Iran also announced that it would start eight days of war games in the Gulf and the Sea of Oman on Wednesday.
The planned naval maneuvers coincide with rising tension between Iran and the West, which says Tehran's nuclear work is aimed at making bombs. Iran denies this.
Sayari spoke a day after U.S. Defense Secretary Robert Gates said that Iran was challenging U.S. naval power in the Middle East with an array of offensive and defensive weapons.
Fars, a semi-official Iranian news agency, quoted Sayari as saying an Iranian S-27 aircraft had photographed the U.S. ship and that it was the navy's "duty and right" to identify foreign vessels in the area.
"Despite the objection of this (U.S.) vessel, we reiterate firmly that doing this is our definite right," he said.
Al Alam, Iran's Arabic-language satellite television station, quoted him as saying the scheduled war games would display the Iranian navy's defense capability.
They would take place less than two weeks after Iran's elite Revolutionary Guards staged four days of maneuvers in the Gulf and Strait of Hormuz, a waterway crucial for global oil supplies.
Last month, the Pentagon said U.S. military action against Iran remained an option even as Washington pursues diplomacy and sanctions to halt the country's atomic activities.
Iran often announces advances in its military capabilities and tests weaponry in an apparent attempt to show its readiness for any strikes by Israel or the United States.
In exercises held in the Gulf and the Strait of Hormuz between April 22 and 25, official media said the Guards tested missiles and a new speedboat capable of destroying enemy ships.

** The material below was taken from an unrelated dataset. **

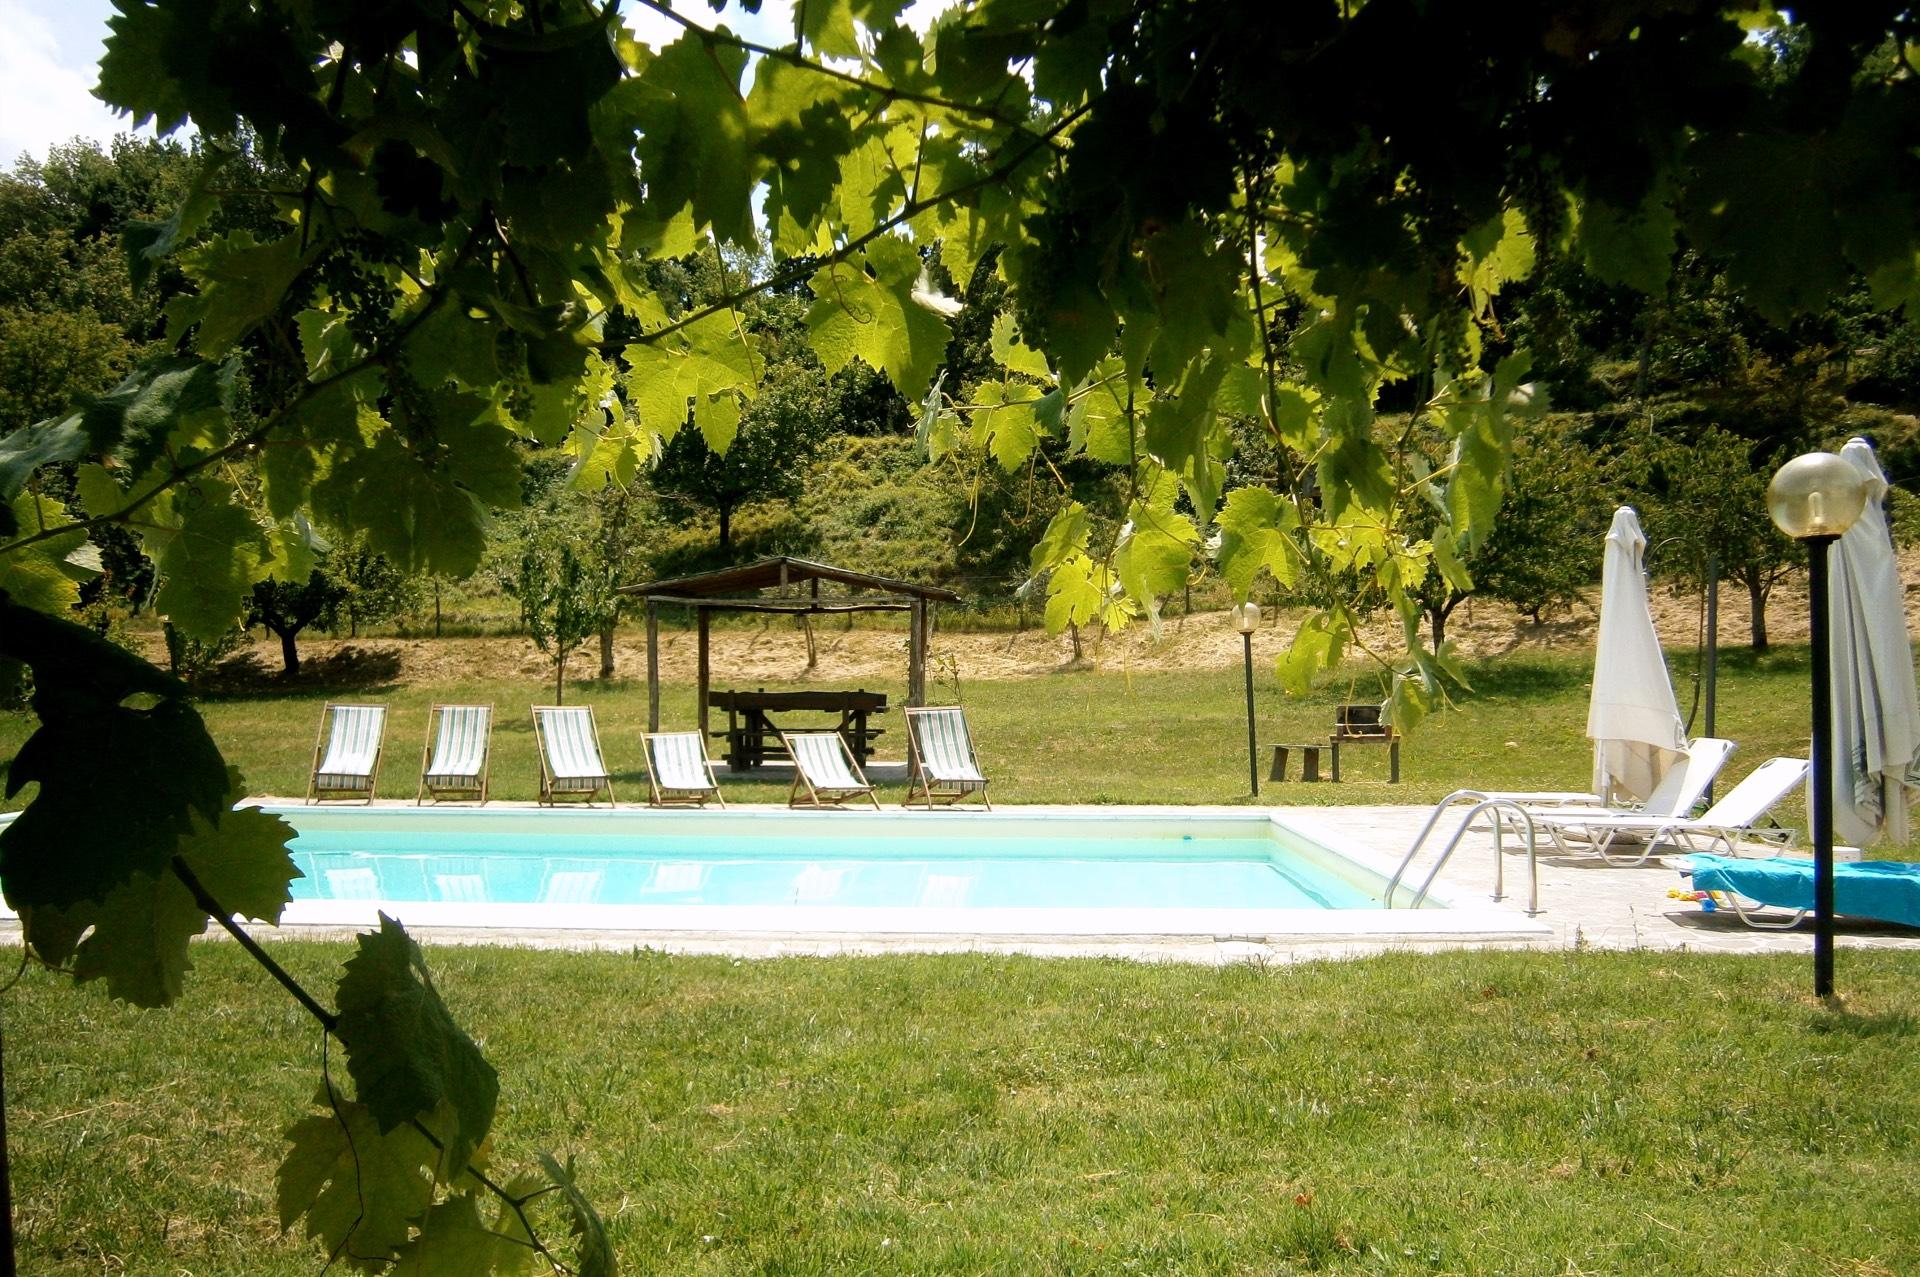 La piscina esterna, nel giardino dell'agriturismo Il Muretto, Mugello

The United States is pushing for a fourth round of U.N. sanctions on Tehran over its refusal to halt sensitive nuclear activities as demanded by the U.N. Security Council.
Israel, widely believed to have the Middle East's only atomic arsenal, has described Iran's nuclear program as a threat to its existence and has not ruled out military action.
Iran, a predominantly Shi'ite Muslim state, has said it would respond to any attack by targeting U.S. interests in the region and Israel, as well as closing the Strait of Hormuz.
About 40 percent of the world's traded oil leaves the Gulf region through the strategic narrows.